In what ways could their languages have changed by 12000 BP?
The part of America that rules speaks English. French is
a minor language, so are other languages, and Spanish
is spoken by the lower class of Latinos. The language that
rules is certainly English, and those who aspire a good job
simply must speak and write English.
The Guyenne is special, an enclosed area in those times,
extended marshes and the Atlantic ocean in the west,
hills and mountains in the north, the French Alps in the east,
the Pyrenees and glaciers in the south, "land of honey and
game" (National Geographic), with a river system that was
as good as the railways we have in Switzerland, connecting
every part of the Guyenne to the other. Do you think that every
local tribe had a genius who produced world art? No, they
gathered gifted young people from everywhere. They established
and maintained a veritable society. The picture you have of the
Magdalenium (note that I don't use the polite "we" any longer)
is just wrong.
> Absolute rubbish. You obviously know nothing whatever about Australian
> culture, art, or archeology
I happen to be a fan of Australian aboriginal art, of the people,
their art, their legends, and their languages. I see links between
the Middle Stone Age of South Africa, Blombos cave, 75 000 BP,
and even if you don't follow me here you said that Australia was
populated in 60 000 BP - or was it 65 000 BP ? Plenty of time
for the languages to spread and undergo local changes. Australia
is a wide continent, no confined area as the Guyenne. There is
no comparable river system. The famous songlines - I found
Chadwick's book rather mystifying, not really clarifying - may
have been songs that enumerated wells and landmarks along
a certain way, and were, as I take it, property of the respective
clan. The songlines as actual ways crossing the land, weaving
a web of crossroads, were in no way comparable to the rivers
of the Guyenne and could not possibly have the same function.
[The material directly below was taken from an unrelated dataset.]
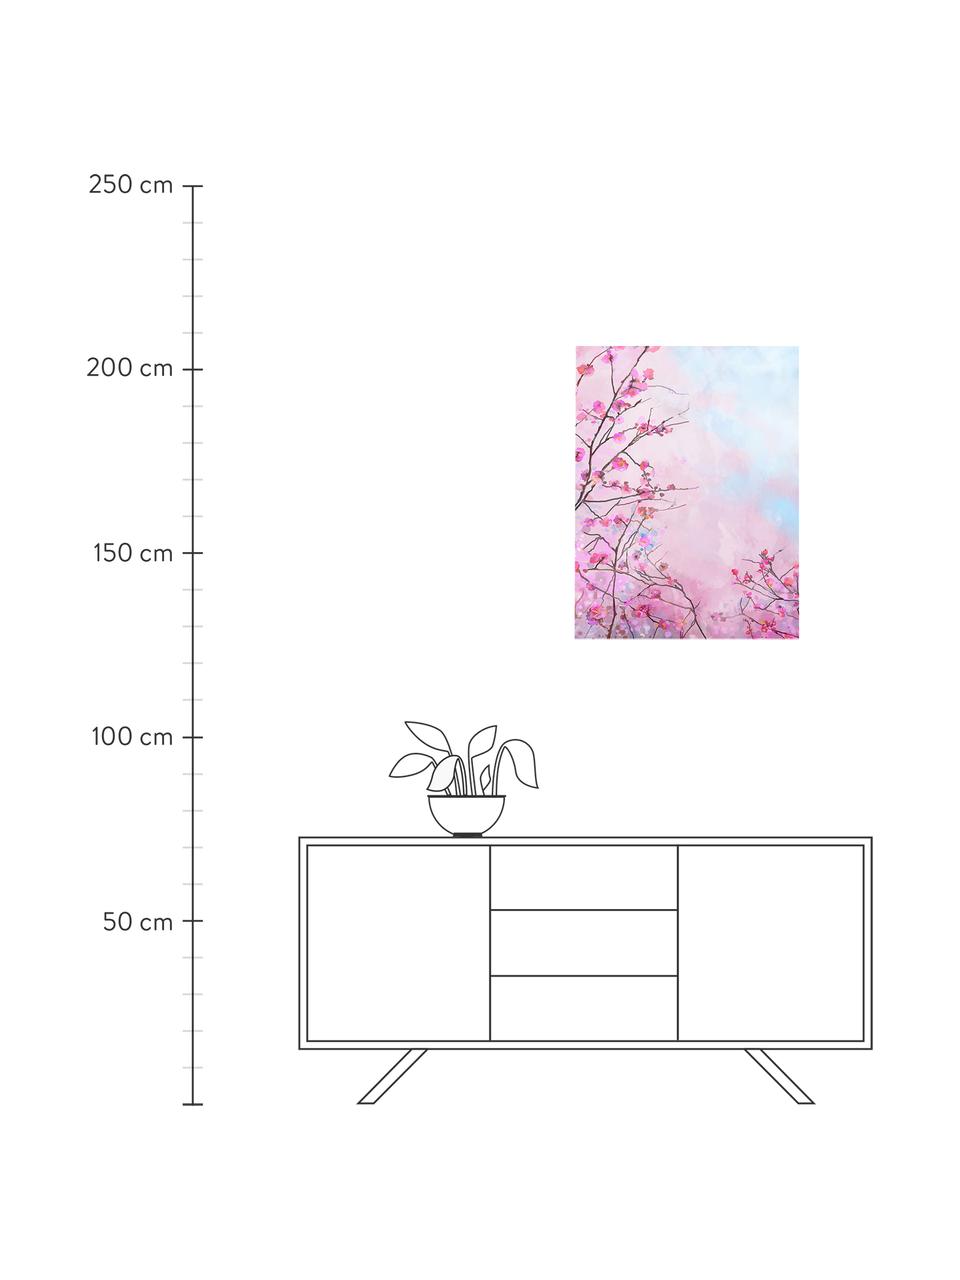 Stampa su tela Sakura Floral, Immagine: stampa digitale su lino, Multicolore, Larg. 63 x Alt. 83 cm
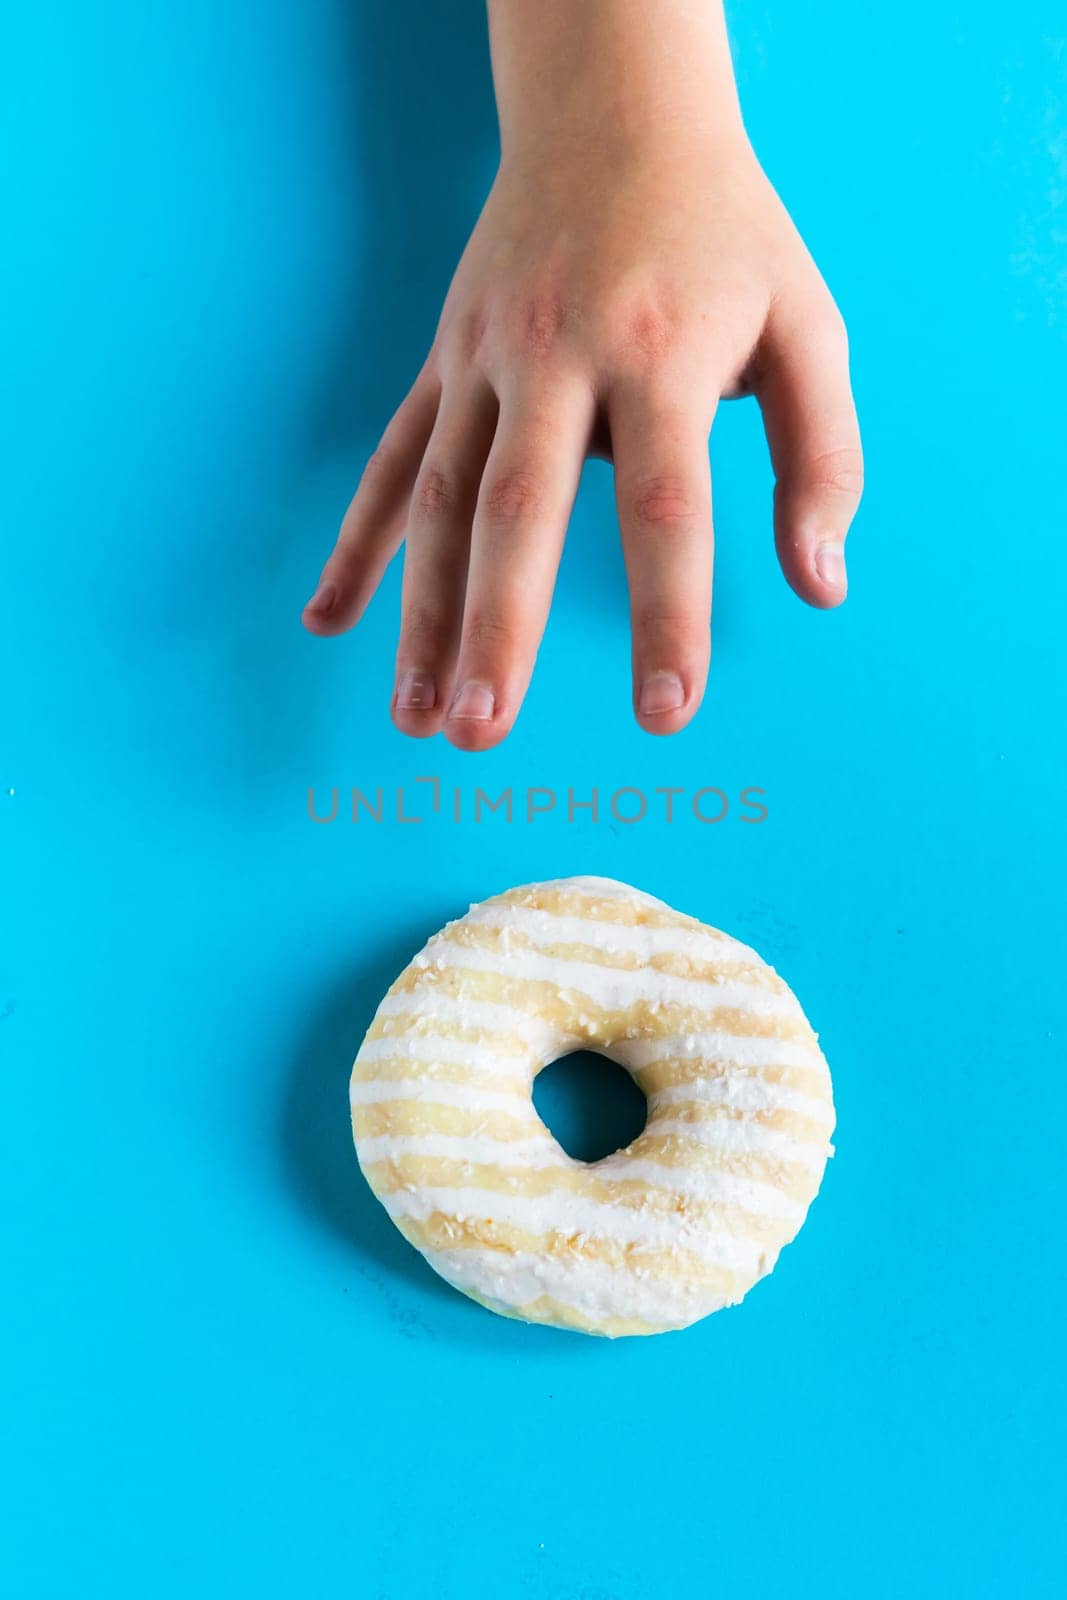 Donut with hazelnuts on blue background, close up by Zelenin

> Which time is that? Up to maybe 40 000 years ago, Africa was ahead.
> Australia took the lead culturally till maybe 15 000 years ago. Between
> 15000 and 2000 years ago SW Asia and north Africa were ahead. From 2000 to
> less than 1000 years ago, East Asia had the leading culture. Europe took
> the lead for the first time less than a thousand years ago. Around 1000 AD,
> the American cities were bigger than those of Europe.
Cold climates trigger progress. Look at the countries that are
doing best in Europe: northern countries, Finnland, Norway.
The Ice Age of Europe triggered progress that is mirrored
in language. If you got money buy land in Alaska, it will have
a future, you will be a Rockefeller in hundred years ;-)
> But they didn't build particularly large camps. Without agriculture or
> similar concentrated resources, they couldn't.
I identified drawings and maps of amazingly large camps
in caves, and the largest cluster of Magdalenian words
I reconstructed is around DAI for camp, plus permutations,
comparative SAI for life, existence, wealth, plus permutations,
and ten lateral associations plus permutations, yielding a
cluster of 72 related words. We - no, you - have a wrong
idea of the Magdalenium.
> You appear to have "studied" only _European_ cave art. Perhaps it's time
> for you to spread your gaze a little wider?
As I said I am a fan of Australian rock art, and the same
for African rock art. I identified a calendar in the shapes
of two figurines in the N'Dhala Gorge with rays for hairs
as calendars, and rock paintings in southern Africa
share a feature with European cave art: animals coming
from or disappearing into crevices and clefts of the rock.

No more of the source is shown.